Todas las medidas disciplinarias son especieespecíficas y NO es lo mismo si las aplicamos nosotros. Nosotros debemos tomar decisiones planificadas, anticipar problemas y enseñar a nuestro perro qué esperamos de él. Y si no sabemos cómo, preguntemos al entrenador acreditado o al consultor certificado de conducta canina.

La diversificación de las razas


Aspecto físico

Cada perro es un individuo y debe ser tratado como tal. No debemos cometer el error de tratar a todos los perros iguales.

No obstante, 
el perro doméstico ha sido sometido a una estricta selección realizada por el hombre en el transcurso de los siglos pasados, con el fin de obtener perros para distintos usos. Hace ya 3000 a 4000 años, que los humanos empezaron a “crear” perros muy grandes para su propia defensa y otros más ágiles para la caza y control de plagas. Desde entonces, los perros han desarrollado una increíble variabilidad en su aspecto físico. No existe ninguna otra especie de animal con semejante variedad en peso, talla, color y estructura corporal.

Foto: Internet
Foto: Internet

Instinto y conducta

Esta selección llevó a la existencia de aproximadamente 350 razas oficialmente reconocidas de perros. Esta cifra aumenta constantemente.

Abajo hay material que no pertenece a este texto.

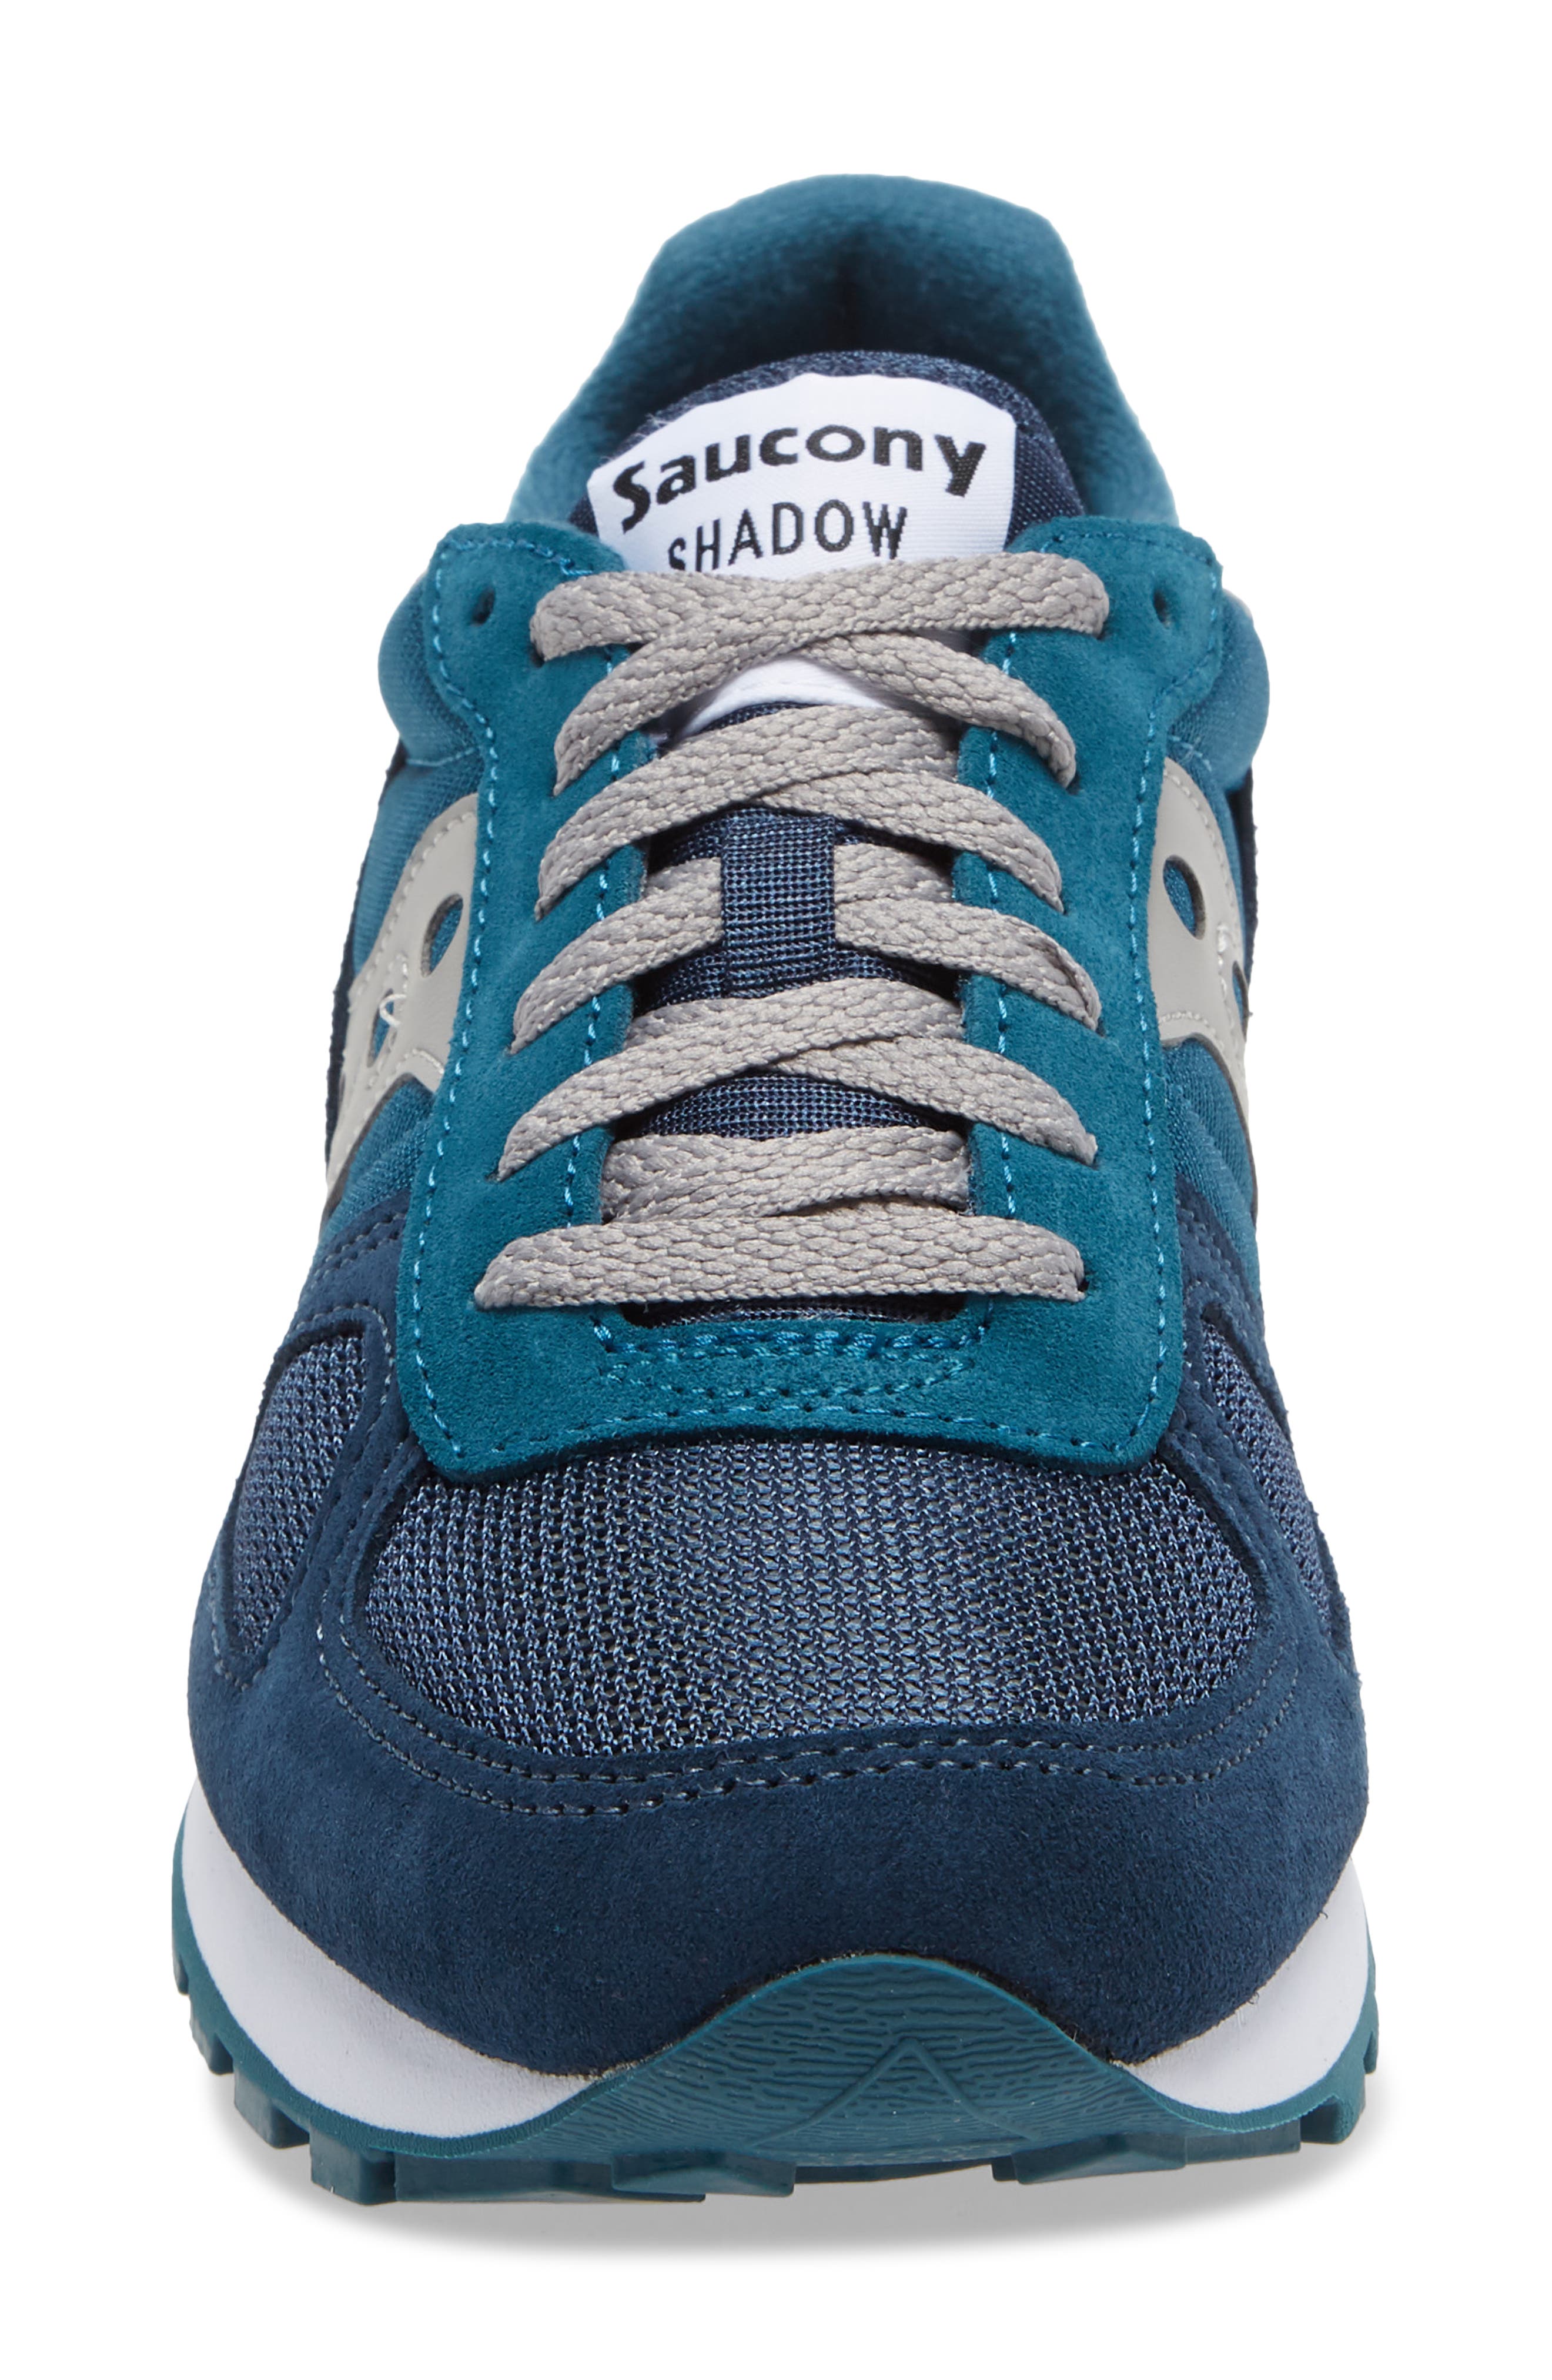 saucony shadow sneakers

Tantas décadas de especialización han creado animales con distintas pulsiones biológicas o instintos.

 

Los instintos son motores naturales para conductas que se encuentran “programados” en la genética, o sea, conductas que no se tienen que aprender sino se "dan". Por ejemplo, muchos Huskies nacen con una predisposición a correr incansablemente, muchos Border Collies necesitan arrear otros animales, muchos Labradores recogen cualquier objeto del suelo, y muchos Terriers se mueren por cazar y sacudir presas, etc.

 

Si un instinto es suprimido constantemente por la razón que sea (muchas veces, esta situación se da porque castigamos conductas caninas molestas como ladrar, saltar, morder, etc.) se pueden gatillar comportamientos neuróticos, y el animal enferma. Como dueños debemos conocer las necesidades biológicas de nuestra mascota para darle una buena calidad de vida.

 

Independientemente de su especialización y distintos caracteres individuales, todos los perros tienen en común que son animales altamente sociables e inteligentes y necesitan vivir en grupos familiares.